The Edinburgh Festival of those days was a much more accessible village... The ground rules were well enough understood. Everything about it was containable. The Fringe was the seed bed for talent and ran happily in step with its established elders and betters. They both knew their place.

But then something equally remarkable was about to take place in the New Town of the city I knew and loved...

1947. The beginning of the Edinburgh Festival and Richard Demarco – later to become gallery director, artist and teacher – is at the heart of it and has been every year since.

The same year, Roddy Martine is born. In 1963 when, at the age of sixteen, he interviewed Sir Yehudi Menuhin and David Frost for an Edinburgh Festival magazine he edited and the following year, met Marlene Dietrich.

Both Richard and Roddy have unique perspectives on the most remarkable international festival of the arts the world has ever known.

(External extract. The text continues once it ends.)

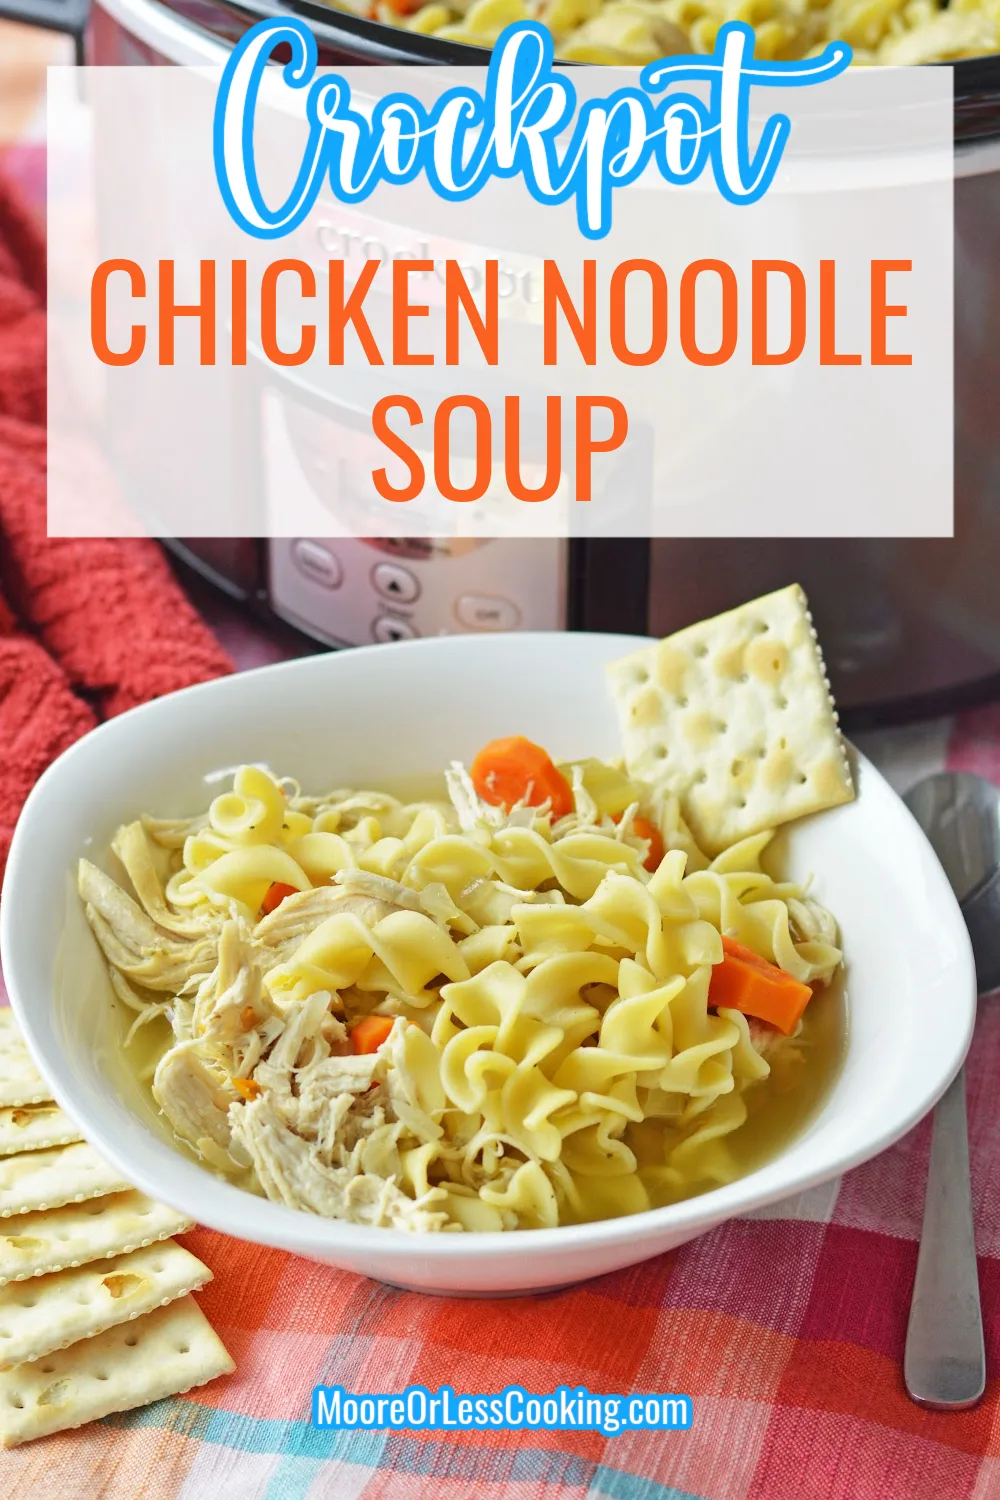 Made from scratch, this Crockpot Chicken Noodle Soup is pure comfort food that's full of delicious and classic flavors. It's an easy dump-and-go recipe made with chicken, veggies, and noodles, all in a savory broth. via @Mooreorlesscook
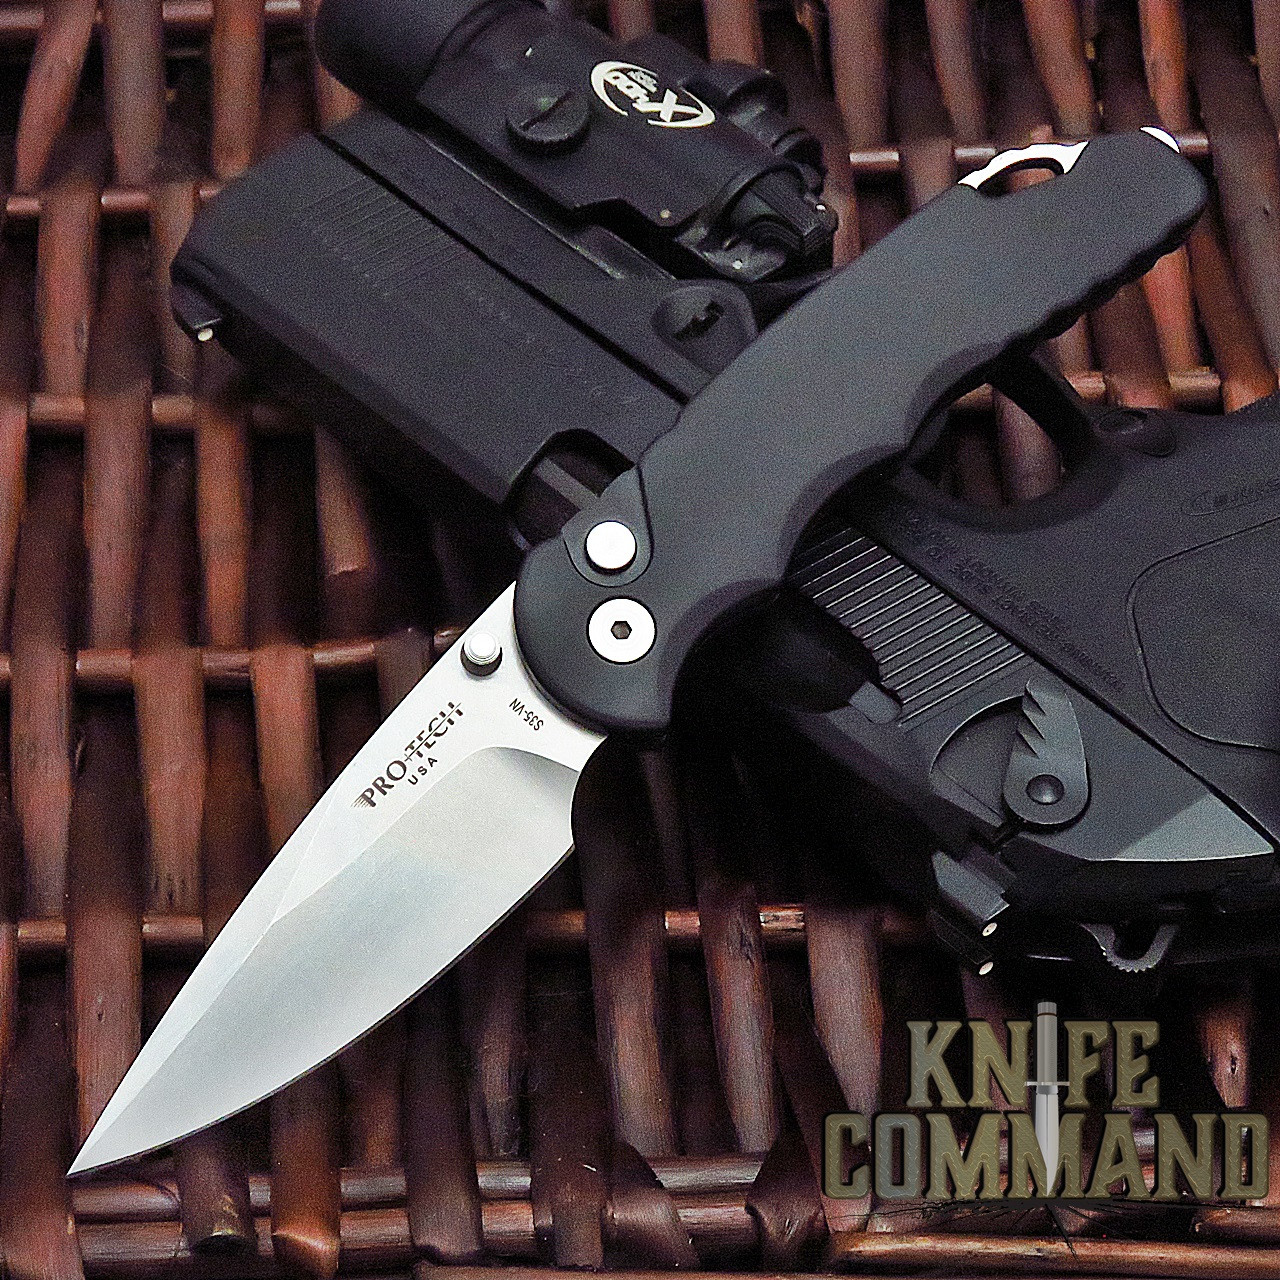 Pro-Tech Knives Tactical Response TR-5 SA.1 Lerch Titanium Assisted Opening Knife Tactical Folder 3.25"Stonewashed S35VN Blade

They have witnessed its evolution over the years and are passionate believers in the power of creativity within everyone.

In this fascinating book, Richard – the 2013 UK recipient of the Citizen of Europe medal – explores the original world vision of Sir John Falconer and Rudolph Bing and, with Roddy, recalls the highs and lows of The Edinburgh International Festival, The Fringe, Art, Book, Jazz and Television Festivals, and The Royal Edinburgh Military Tattoo.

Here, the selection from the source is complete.